Guideline 2.3.5.3: Controlled access to data sets so that only specific, authorized individuals working on a particular data set can have read only, or write only, or both read and write access to that data set. Data set access rights are to be periodically reviewed by the IT manager responsible for that dataset in order to guard against unauthorized release or alteration.

2.3.6 Quality Evaluations
Standard 2.3.6: MDAs, LGAs and other stakeholders must evaluate the quality of the data and make the evaluation public (through technical notes and documentation included in reports of results or through a separate report) to allow users to interpret results of analyses, and to help designers of future surveys to focus on improvement efforts.

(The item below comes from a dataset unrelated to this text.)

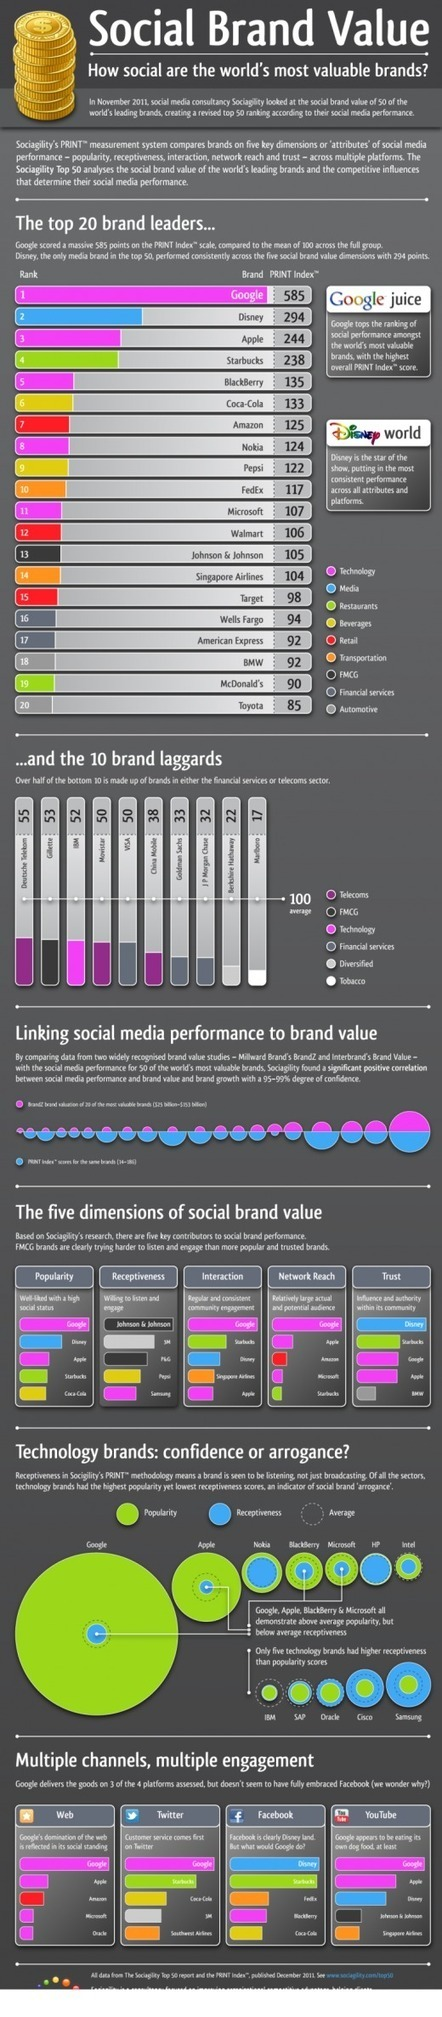 #Infografia de como valorar tu marca social | Gabriel Catalano human being | #INperfeccion® a way to find new insight & perspectives | Scoop.it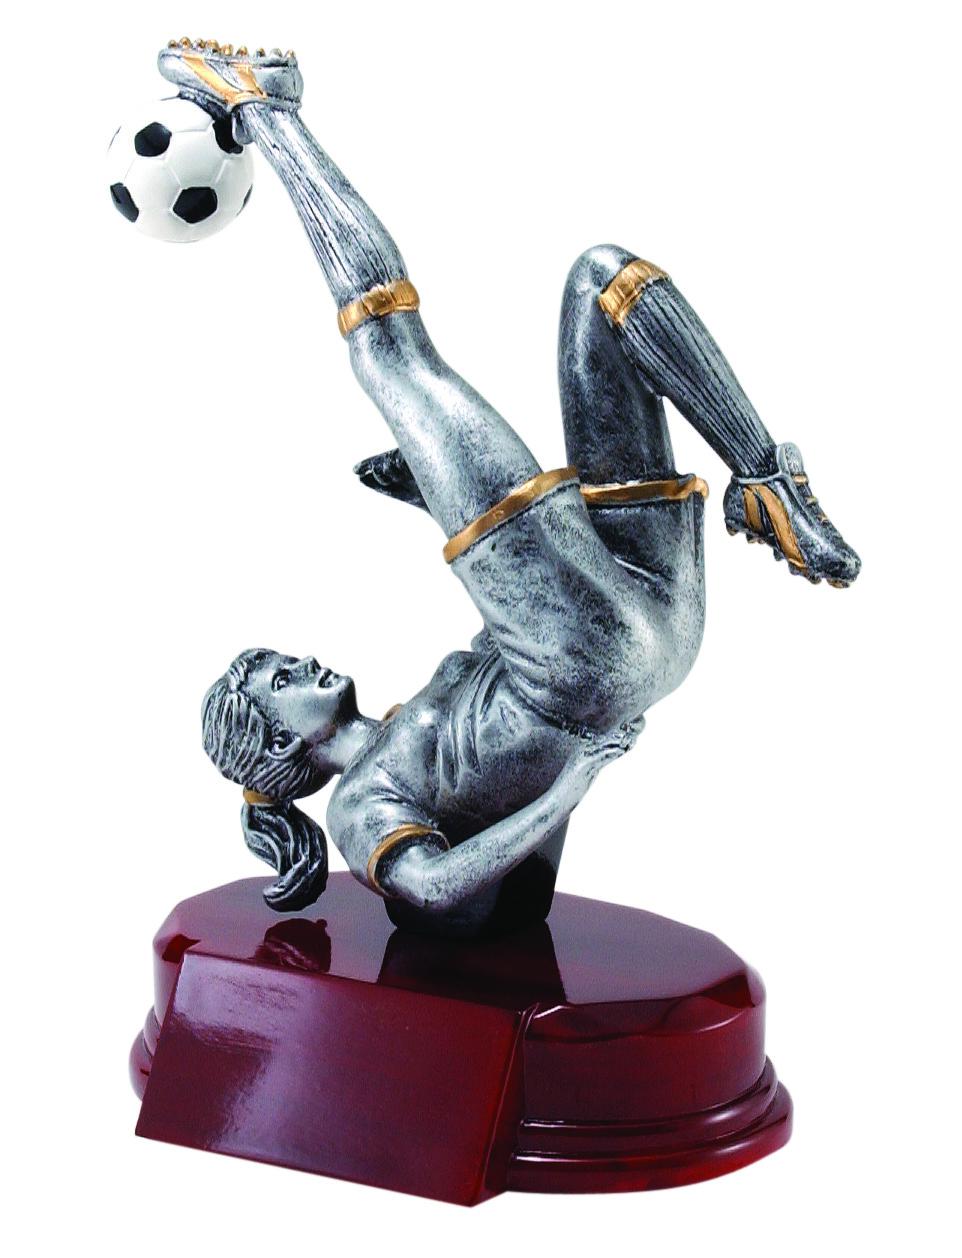 "Soccer, Female:   Large - RFC-1130 - 8.25""  Medium - RFC-930 - 7.25""  Small - RFC-730 - 5.25"""

The guidelines for this standard are: Guideline 2.3.6.1: Include an evaluation component in the survey plan that evaluates survey procedures and results. Review past surveys similar to the one being planned to determine likely sources of error, appropriate evaluation methods, and problems that are likely to be encountered. Address the following areas:

(a) Potential sources of errors, both sampling and non-sampling may include: (i) Coverage error (including frame errors); (ii) Non response error; (iii) Measurement error, including sources from the instrument, interviewers, respondents, changes associated with time of the object or phenomenon being measured, type of questions – biased or leading ones and collection process; and (iv) Data processing error (e.g., keying, coding, editing, and imputation error);

(b) How sampling error will be measured, including variance estimation and studies to isolate error components; and

(c) Make evaluation studies public to inform data users.

Statistical Methods, Standards and Guidelines 23

2.4
ESTIMATES AND PROJECTIONS

2.4.1 Developing Estimates and Projections
Standard 2.4.1: MDAs, LGAs and other stakeholders must use accepted theory and methods when deriving direct survey-based estimates, as well as model-based estimates and projections that use survey data. Error estimates must be calculated and disseminated to support assessment of the appropriateness of the uses of the estimates or projections. MDAs, LGAs and other stakeholders must plan and implement evaluations to assess the quality of the estimates and projections.

The guidelines for this standard are: Guideline 2.4.1.1: Develop direct survey estimates by employing sampling weights appropriate for the sample design to calculate population estimates. However, MDAs, LGAs and stakeholders may employ an alternative method (e.g., ratio estimators) to calculate population estimates if they have evaluated it and determined that it leads to acceptable results.

Guideline 2.4.1.2: Calculate variance estimates by a method appropriate to a survey’s sample design taking into account probabilities of selection, stratification, clustering, and the effects of non-response, post-stratification and ranking. The estimates must reflect any design effect resulting from a complex design.

Guideline 2.4.1.3: Document methods used to generate estimates and projections to help ensure objectivity, utility, transparency and reproducibility of the estimates and projections (For details on documentation, see 2.7.2). Also, archive data so the estimates/projections can be reproduced.

For population projections using e.g. exponential method or natural growth method compare advantages and disadvantages of each method.